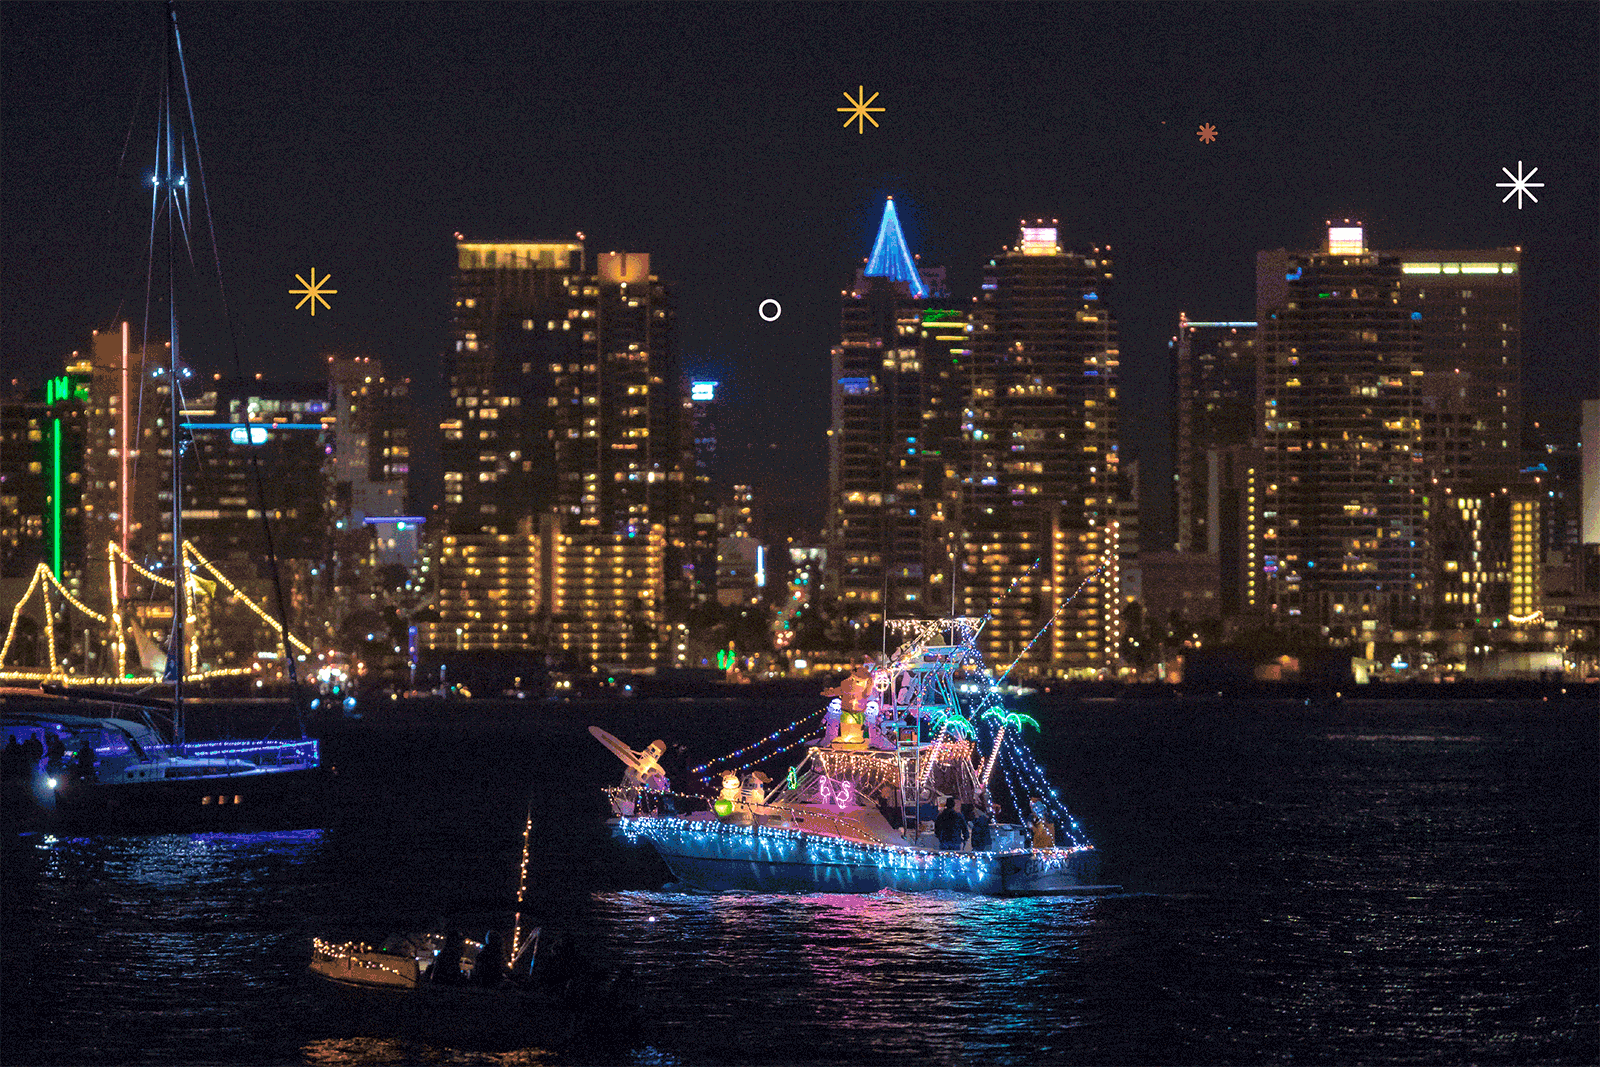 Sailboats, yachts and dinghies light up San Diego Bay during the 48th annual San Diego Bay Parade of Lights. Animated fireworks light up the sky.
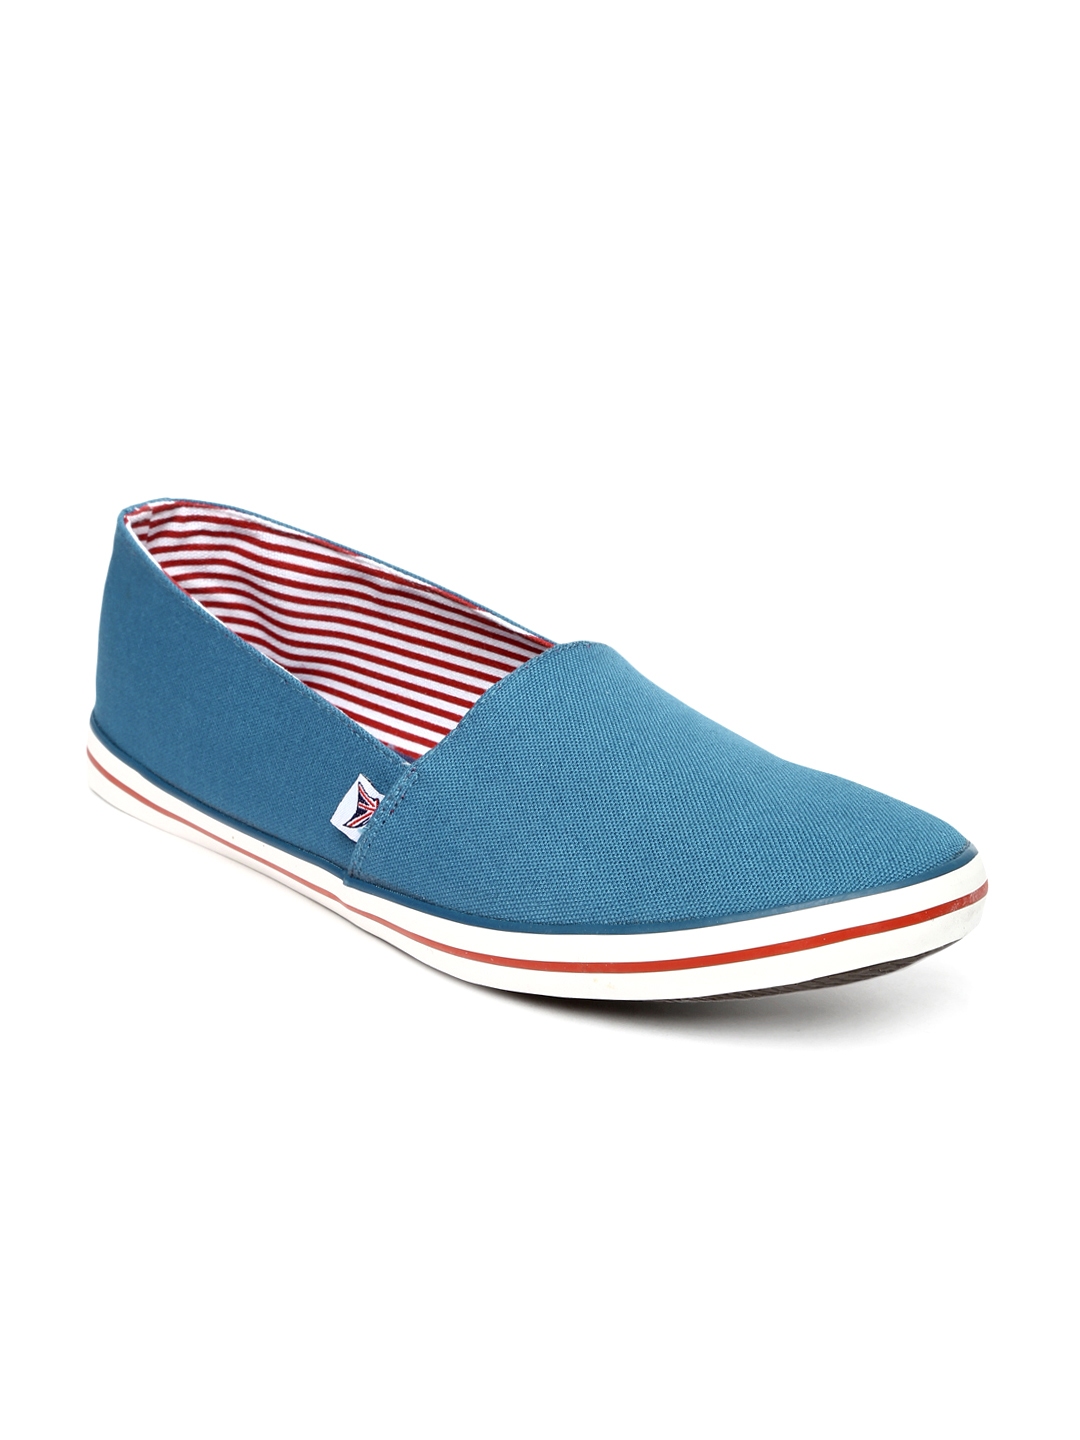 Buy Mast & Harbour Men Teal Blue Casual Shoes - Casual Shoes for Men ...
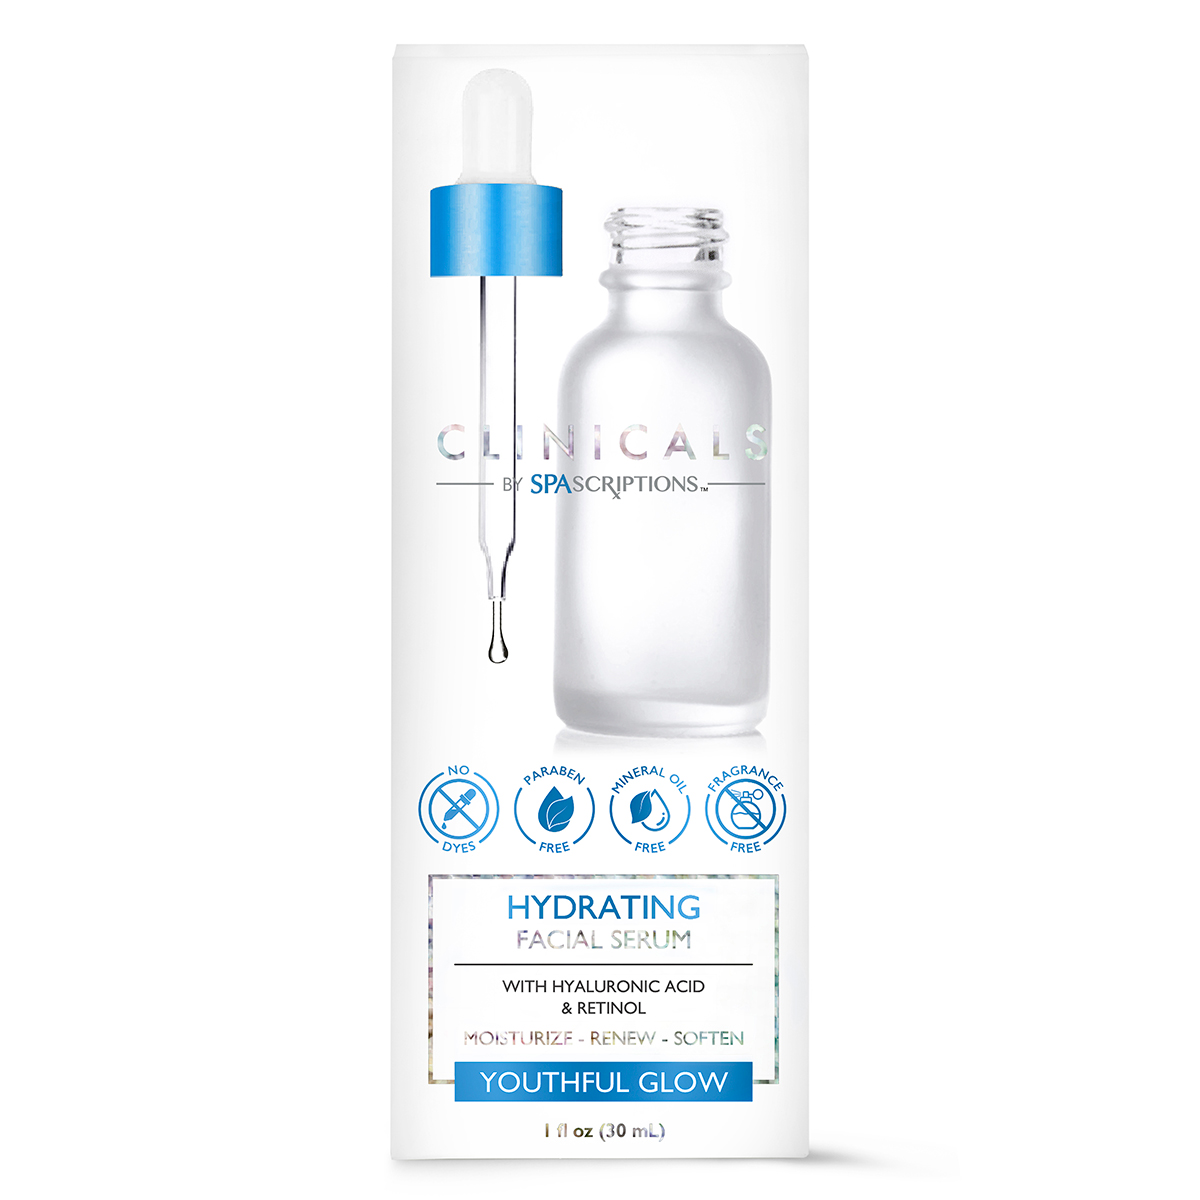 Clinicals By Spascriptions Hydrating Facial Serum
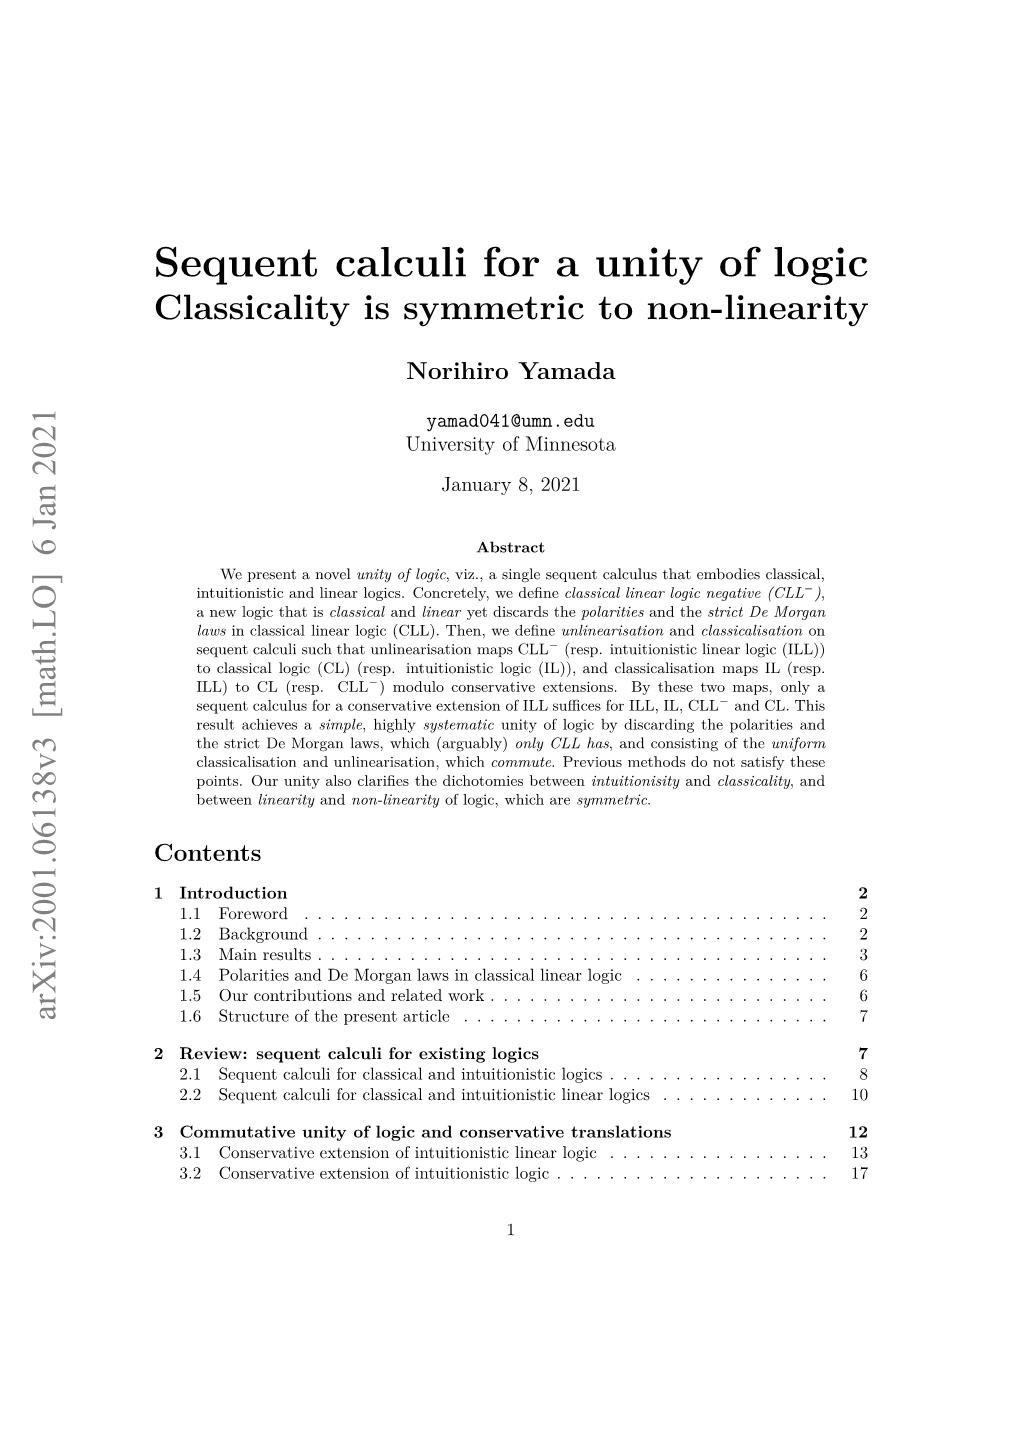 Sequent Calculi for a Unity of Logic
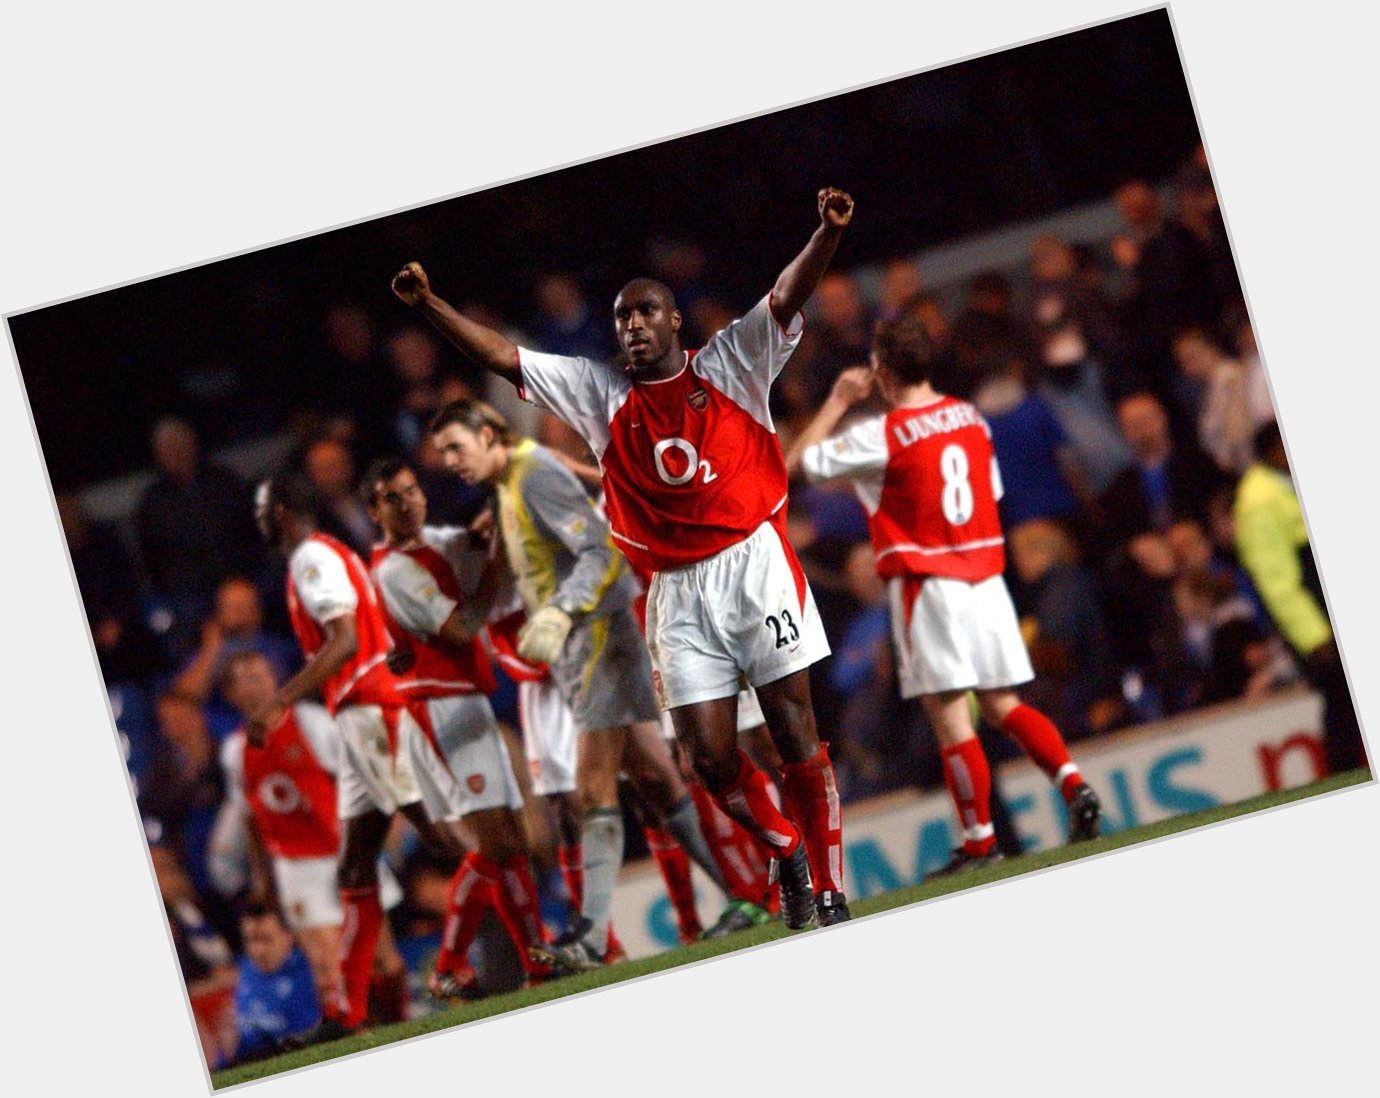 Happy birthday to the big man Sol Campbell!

### Required action:
Every line from the one containing "Buy Mast & Harbour" to the end of the material above is to be returned exactly, with the pictures left out.

### Task output:
 Buy Mast & Harbour Men Teal Blue Casual Shoes - Casual Shoes for Men ...
 Clinicals By Spascriptions Hydrating Facial Serum
 Sequent Calculi for a Unity of Logic
 Happy birthday to the big man Sol Campbell!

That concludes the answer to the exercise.